Hydra’s basic usage:
|$ hydra -s <port> -l <username> -p <password> -t <number> <target> <protocol>|
Note: the -t option defines the number of parallelized tasks to run.
Hydra also has a GUI interface that is access by typing “xhydra” at the command prompt:
I audit Secure Shell (SSH) for user “root” and password “root.” SSH is a software package that enables secure system administration and file transfers over insecure networks. It is used in nearly every data center, in every larger enterprise (“SSH,” n.d.). Hydra returns “) valid passwords found.
Hydra also allows you to specify a username list and password list. Kali Linux includes many. There are also many username and password lists on the Internet you can download and use (See my post Wordlists).
I select “unix_users.txt” and “unix_passwords” and launch hydra again against SSH. The lists contain 112 usernames and 1008 passwords. This audit will take some time:
If you know the password policy, Hydra has a utility “pw-inspector” that reads passwords in and prints those which meet the requirements:
For instance, in the above example where I used the unix_password list if I knew the policy was eight characters I could have used pw-inspector to trim the file. By using pw-inspector, I cut the list to 155 passwords:
Hydra will stop during the audit if it finds a username and password combination that works. BINGO. As shown below, Hydra found the log on “sys” with a weak password “batman”:
I press start to continue with the audit. But Hydra “burps” and stops the audit short because it encountered an error:
But that is ok. Hydra automatically creates a file called “hydra.restore” in the directory where Hydra is executed. I go to the command line and use the -R option to resume the audit. Hydra completes its tasks:
I try to SSH with the username and password combination Hydra found and I am able to login to Metasploitable 2:
Ncrack is a high-speed network authentication cracking tool. It was built to help companies secure their networks by proactively testing all their hosts and networking devices for poor passwords. Security professionals also rely on Ncrack when auditing their clients. Ncrack was designed using a modular approach, a command-line syntax similar to Nmap and a dynamic engine that can adapt its behaviour based on network feedback. It allows for rapid, yet reliable large-scale auditing of multiple hosts. Ncrack is included inn Kali Linux (“Ncrack,” n.d.).
Ncrack’s features include a very flexible interface granting the user full control of network operations, allowing for very sophisticated bruteforcing attacks, timing templates for ease of use, runtime interaction similar to Nmap’s and many more. Protocols supported include SSH, RDP, FTP, Telnet, HTTP(S), POP3(S), IMAP, SMB, VNC, SIP, Redis, PostgreSQL, MySQL, MSSQL, MongoDB, Cassandra, WinRM and OWA (“Ncrack,” n.d.).
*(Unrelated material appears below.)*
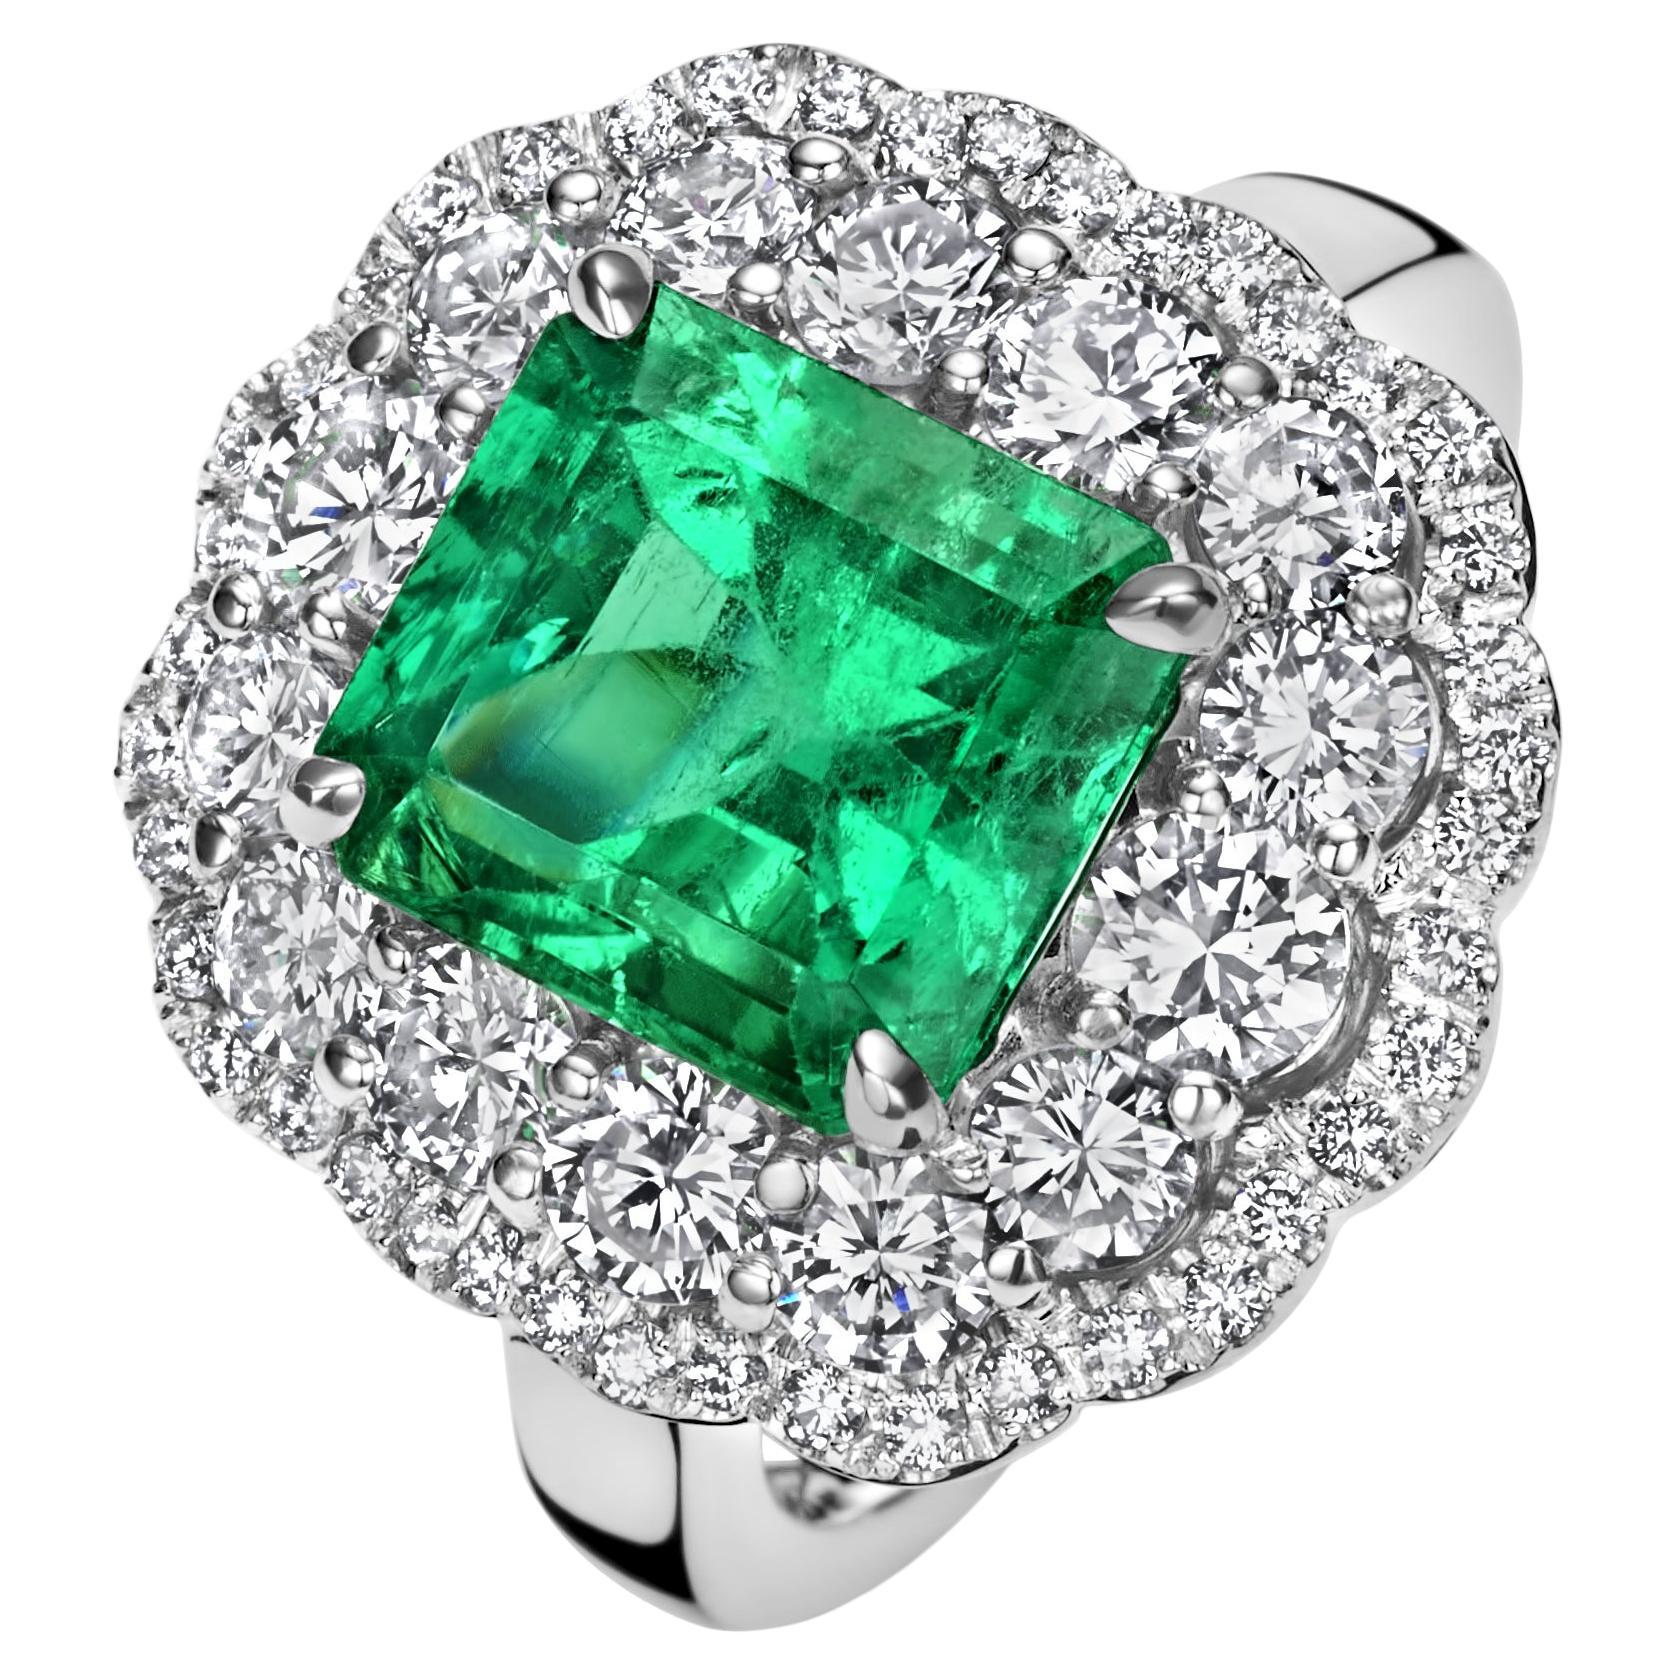 CGL Certified, 4.43 Ct Colombian Emerald Minor Oil, Diamond Ring 18 kt Whit Gol For Sale

I use Ncrack to audit telent (See below). Telnet is used to connect to remote computers and issue commands on those computers (“Telnet,” n.d.). But first I try to login to Telnet using “root” and password “root. No luck:
Next, I use Ncrack. Ncrack’s basic usage:
|$ ncrack -u <username> -P <password.txt> 10.0.2.6:23|
As above, I select username “root” and “unix_passwords” and launch Ncrack again against Telnet.
Ncrack returns no valid passwords found.
Medusa is like THC Hydra and Ncrack but because of its stability and fast login ability is often prefer over THC Hydra and Ncrack (Medusa” n.d.). I will use medusa to audit the rlogin service open on Metasploitable 2 (See above).
TCP ports 512, 513, and 514 are known as “r” and can be misconfigured to allow remote access from any host (a standard “.rhosts + +” situation). rlogin is a software utility for Unix/Linux that allows users to log in on another host via a network, using TCP port 513. rlogin was first distributed as part of the 4.2BSD release in 1977 but now because of security issues has been replaced by the slogin and the ssh. However, you may still find it on a system, which is the case with Metasploitable 2 (See above). If you find it running, you should audit it.
The rsh package contains a set of programs which allow users to run commmands on remote machines, login to other machines and copy files between machines (rlogin, rsh, and rcp). All three of these commands use rhosts style authentication (“RPM,” n.d.).
Remote login works like Telnet. You run the utility with the host name of the server and you can connect and run commands interactively. Unlike Telnet, rlogin can be configured to log on automatically without a user name and password.
rsh (Remote Shell) allows you to send single commands to the remote server. Whereas rlogin is designed to be used interactively, RSH can be easily integrated into a script. RSH runs over TCP port 514 by default.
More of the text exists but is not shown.